- Born: 7 July 1974 (age 52) Honningsvåg, Norway
- Occupation: Writer
- Mother: Liv Lundberg
- Awards: Cappelen Prize (2004) Brage Prize (2022)

= Ingeborg Arvola =

Norwegian novelist and children's writer

Ingeborg Arvola (born 7 July 1974) is a Norwegian novelist and children's writer.

==Career==
Arvola made her literary debut in 1999 with the novel Korallhuset. Among her later novels are Straffe from 2003, Forsiktig glass from 2004, and 40 postkort from 2007. She was awarded the Cappelen Prize in 2004, and Havmannprisen in 2009. She received the Brage Prize in 2022, for her book Kniven i ilden.
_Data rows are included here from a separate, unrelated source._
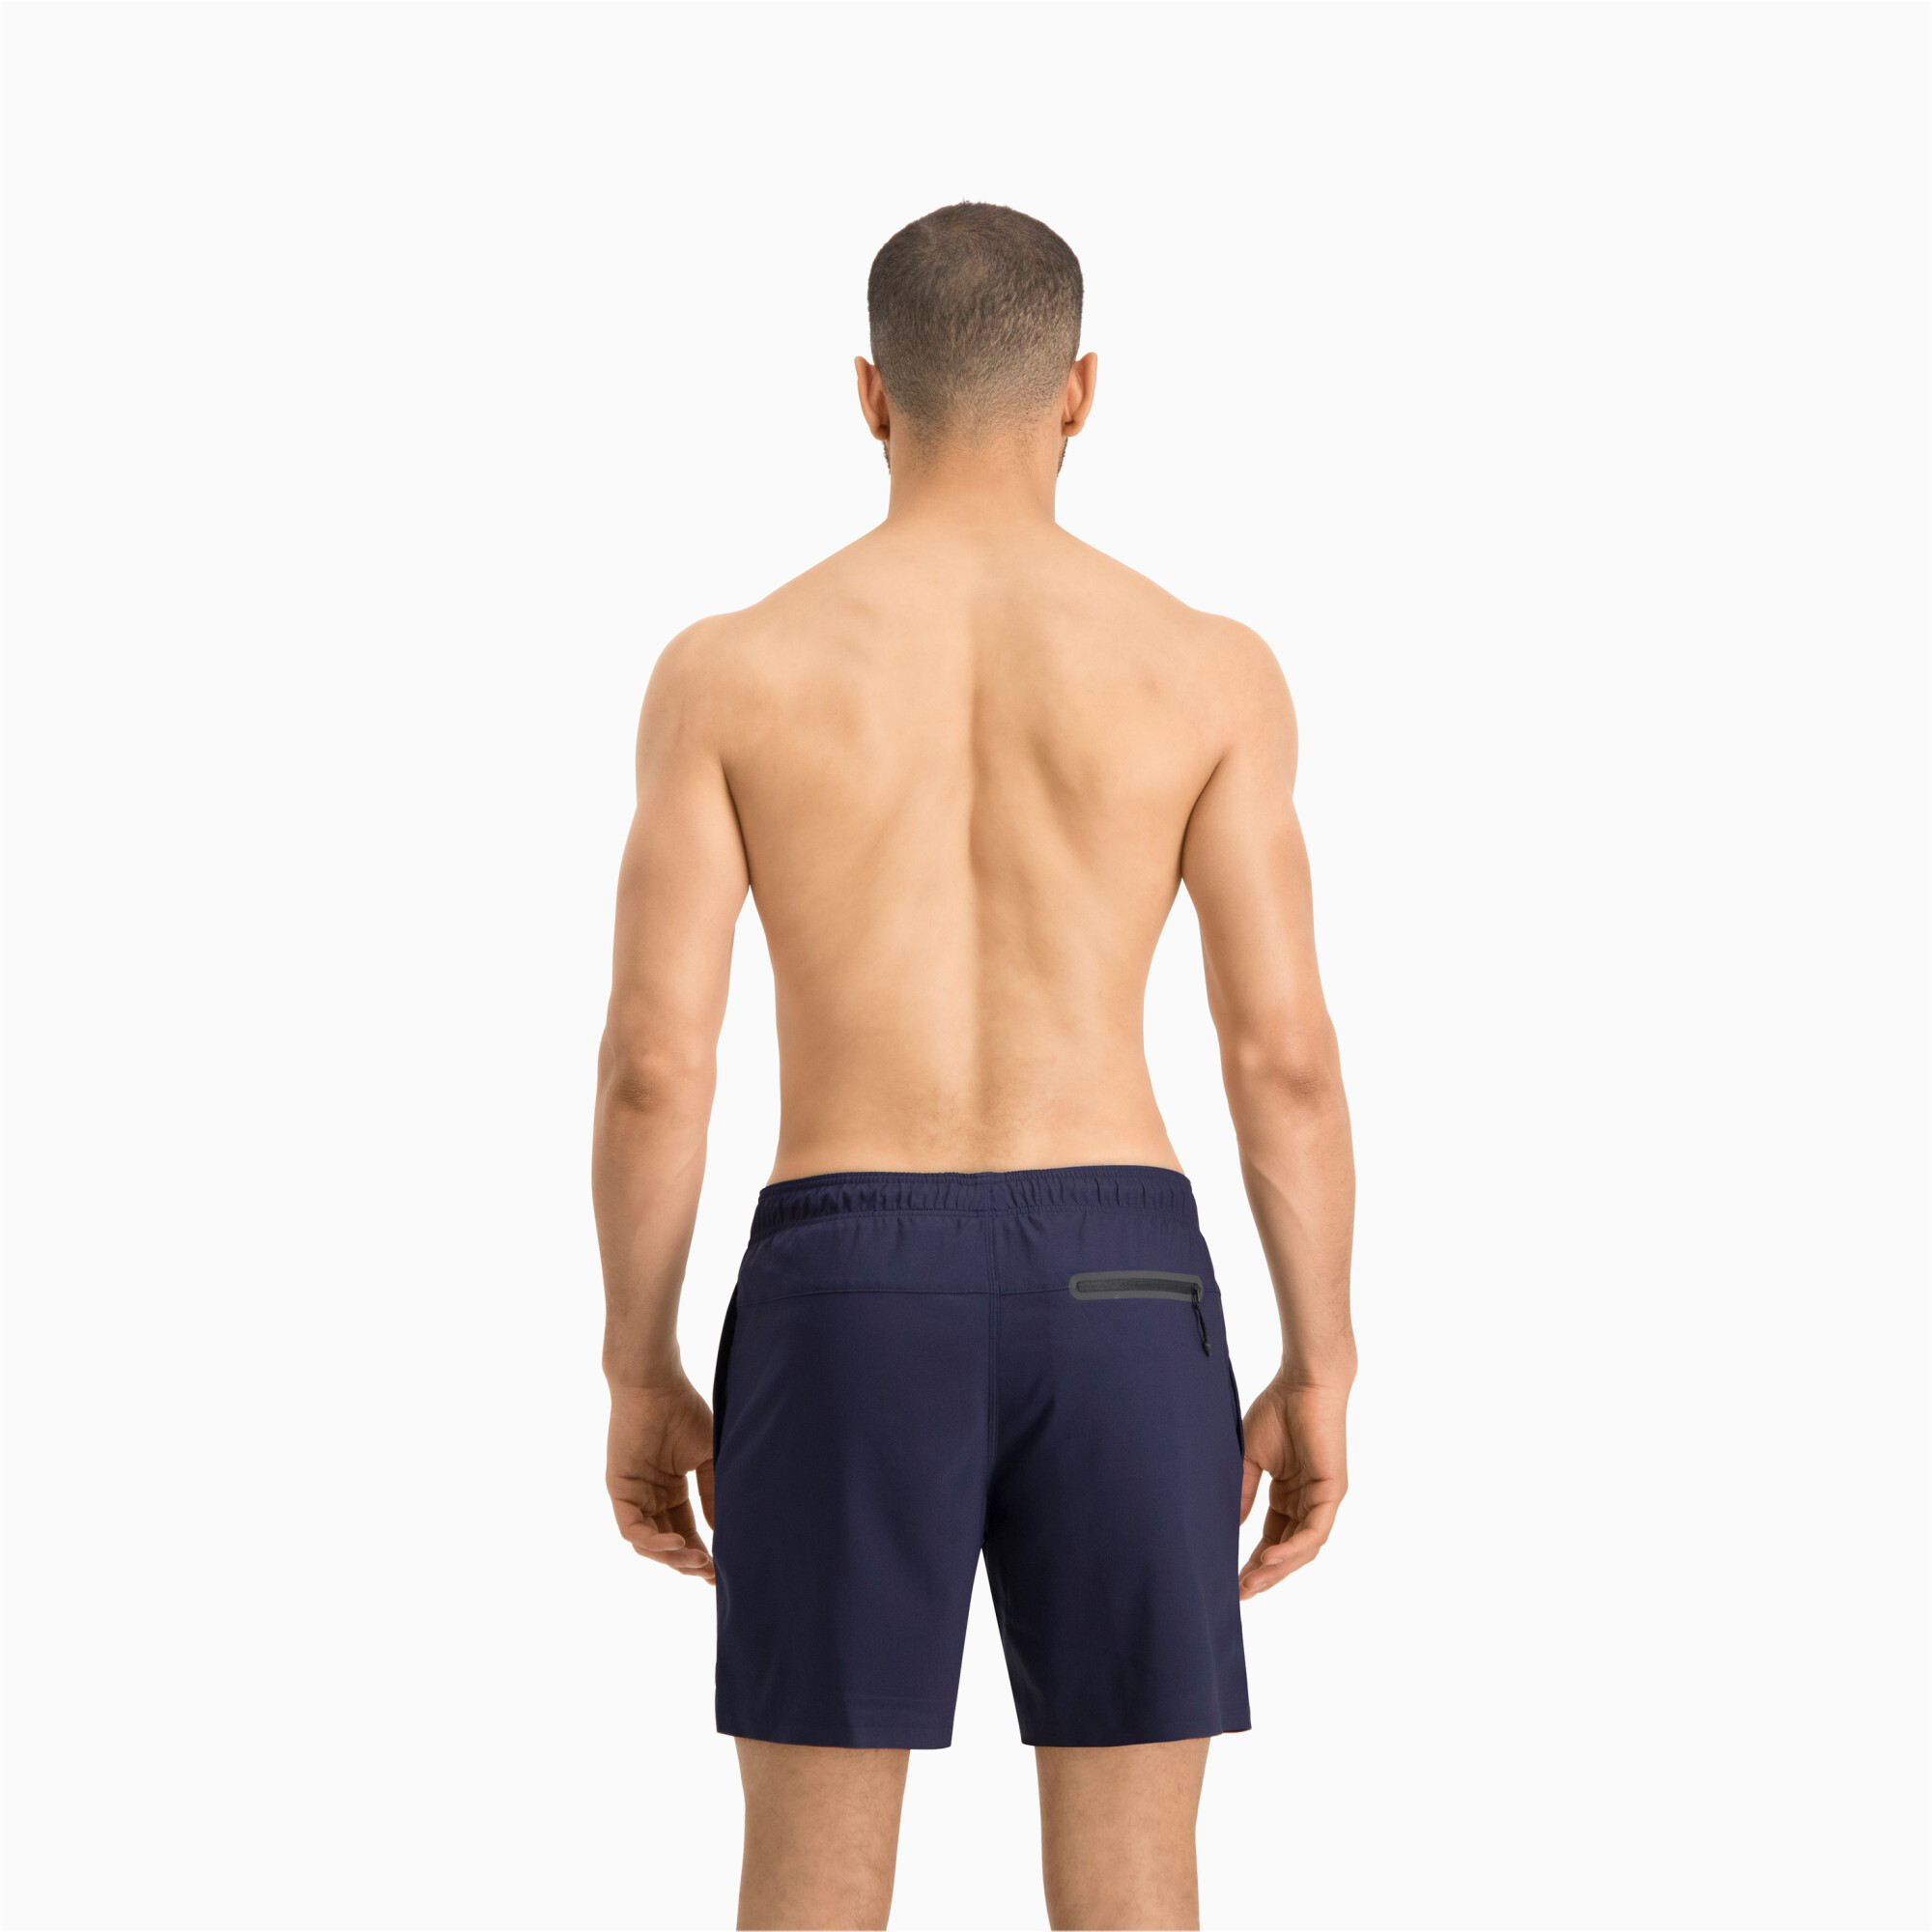 Men's PUMA Swim Mid-Length Swimming Shorts In 80 - Blue, Size Medium
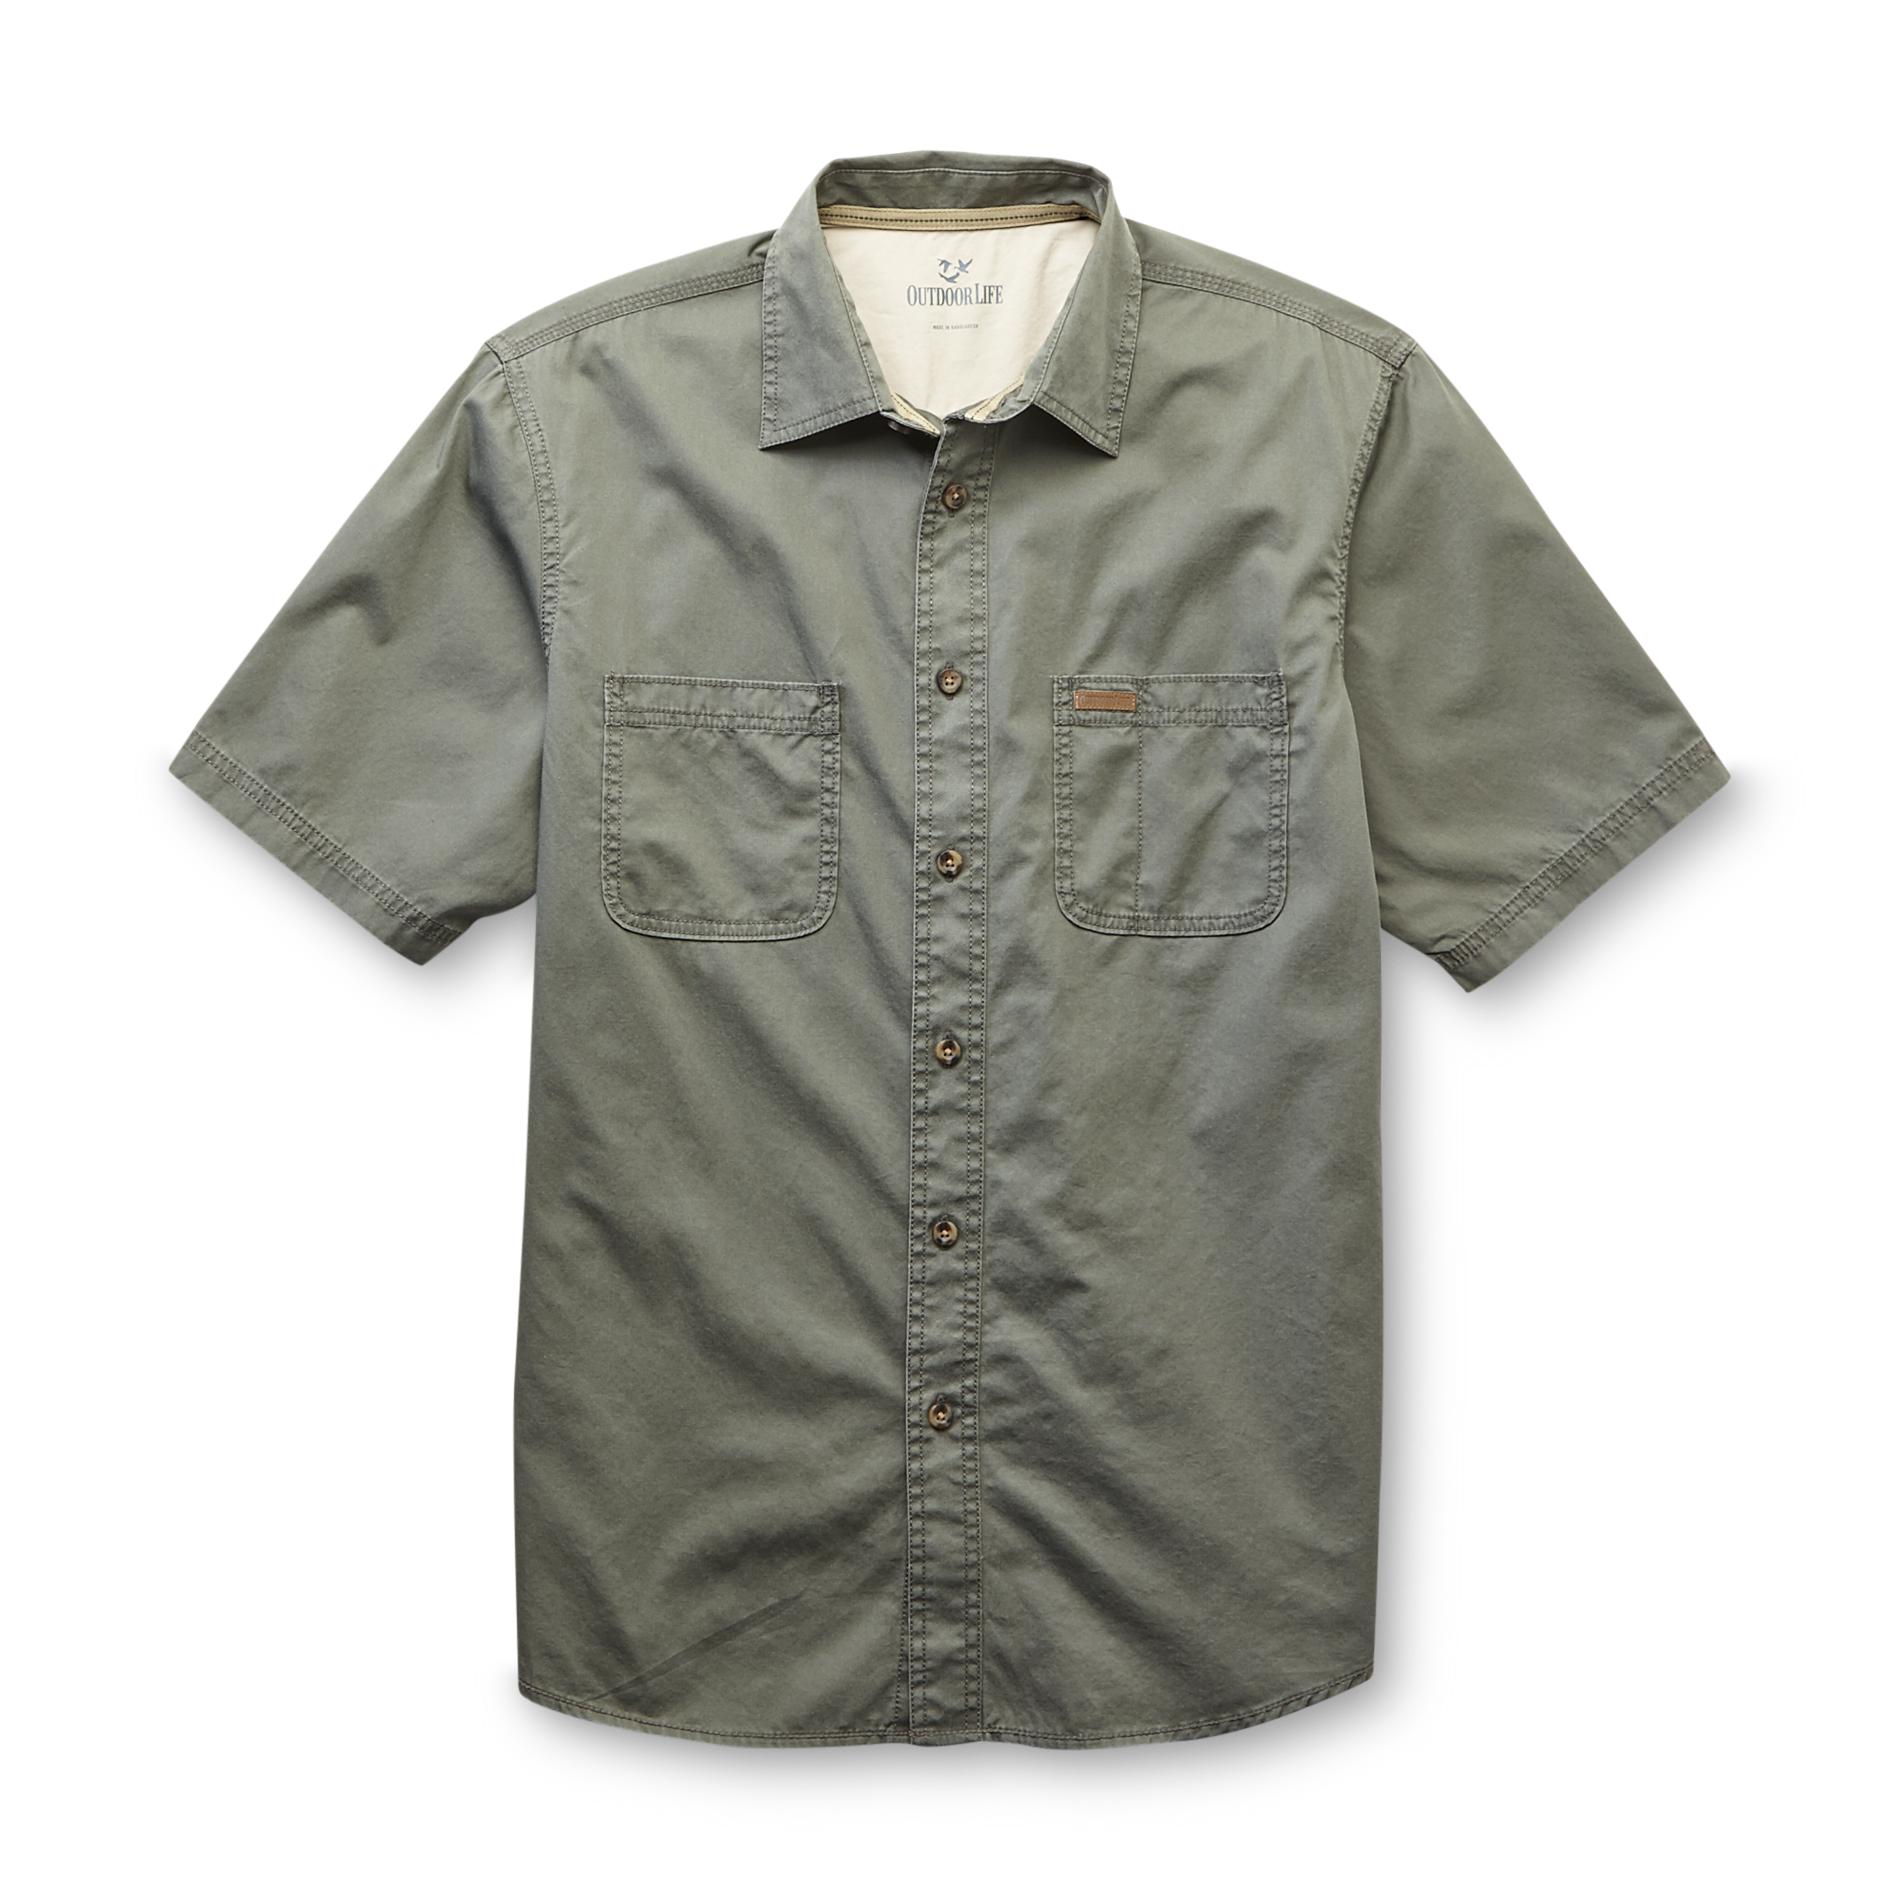 Outdoor Life&reg; Men's Short-Sleeve Twill Shirt
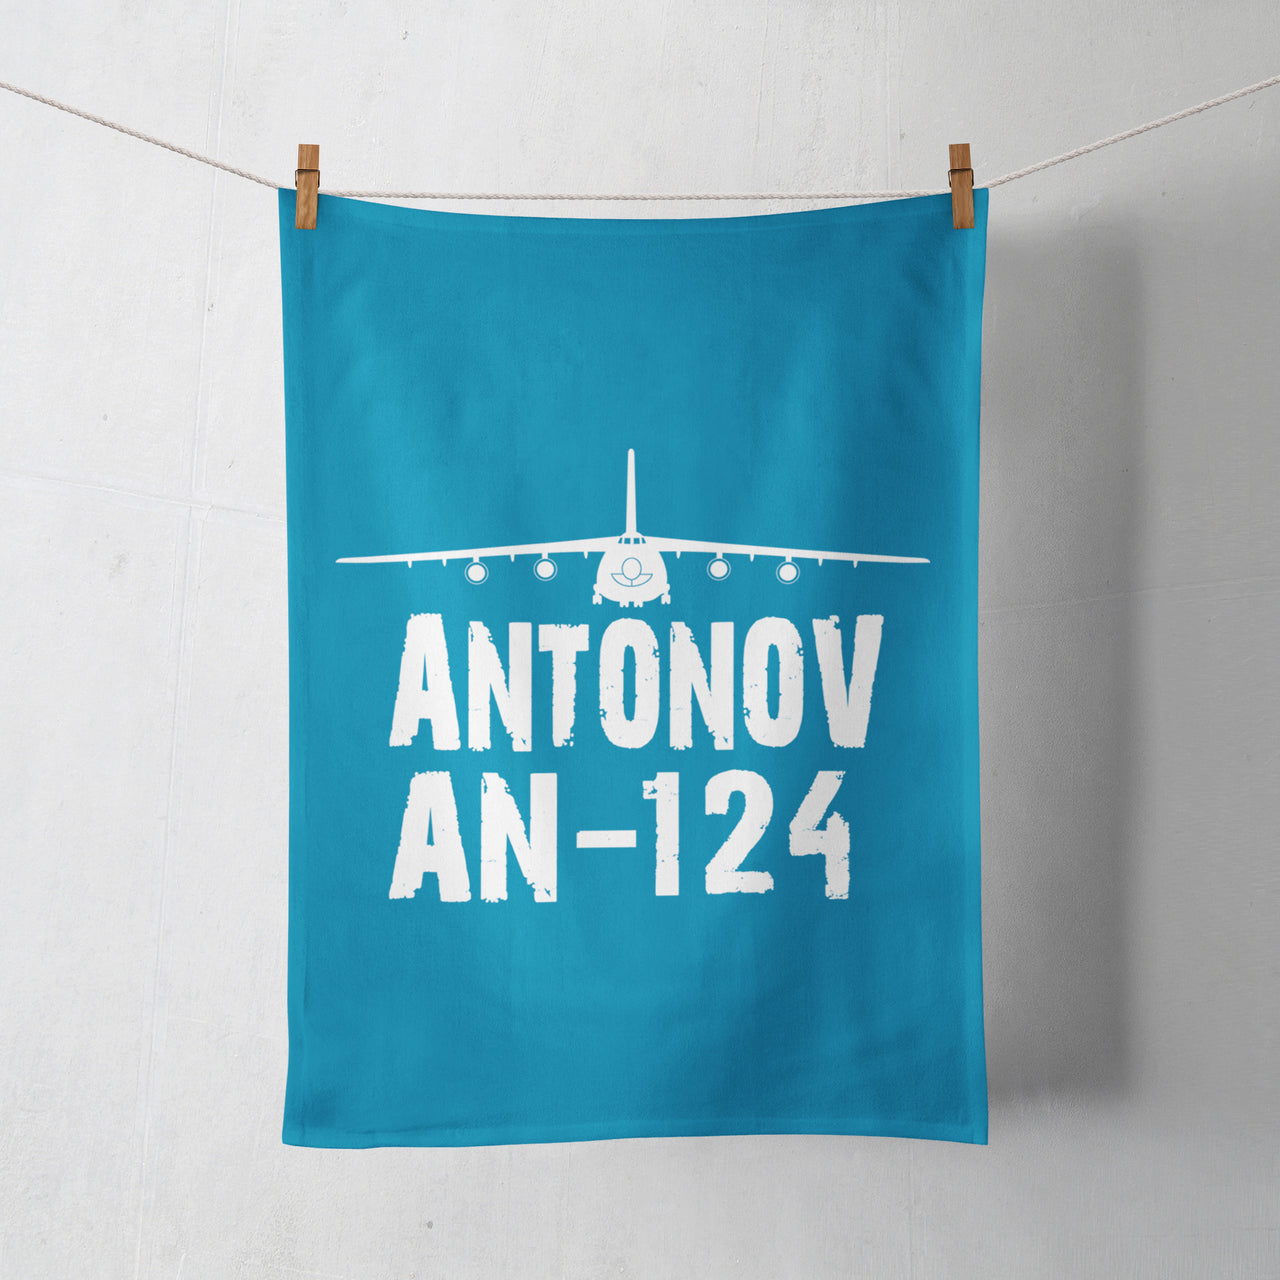 Antonov AN-124 & Plane Designed Towels

Ruijan rannalla – Sanger fra Ishavet.

== Books ==

- 1999 - The Coral House - Novel
- 2000 - Blood, Snot, and Tears - Children's book
- 2000 - Life in a Turtle Shell and Other Stories - Stories
- 2003 - Punishment - Novel
- 2004 - Fragile Glass - Novel
- 2006 - Monster Rider - Short story collection
- 2007 - 40 Postcards - Prose
- 2008 - No Days Without Rain - Children's book
- 2009 - Comet Companions and Moon Smiles - Children's book
- 2011 - Pig Hearts - Novel
- 2012 - Carla, My Carla - Young adult book
- 2013 - Over All Obstacles - Children's book
- 2014 - Inghill + Carla = True - Young adult novel
- 2015 - The Rumor - Young adult novel
- 2015 - Neiden 1970 - Novel
- 2018 - Conditions for Life - Novel
- 2019 - Buffy By Is Talented - Young adult novel
- 2019 - Sudden Warm Temperatures - Short story collection
- 2020 - Buffy By Is Inspired - Young adult novel
- 2020 - Vodka, Water, and Glasnost - Stage scripts
- 2021 - Buffy By Is Adventurous - Young adult novel
- 2022 - Kniven i ilden. Ruijan rannalla – Sanger fra Ishavet - Novel

==Personal life==
Arvola was born in Honningsvåg on 7 July 1974. She is a daughter of poet and translator Liv Lundberg.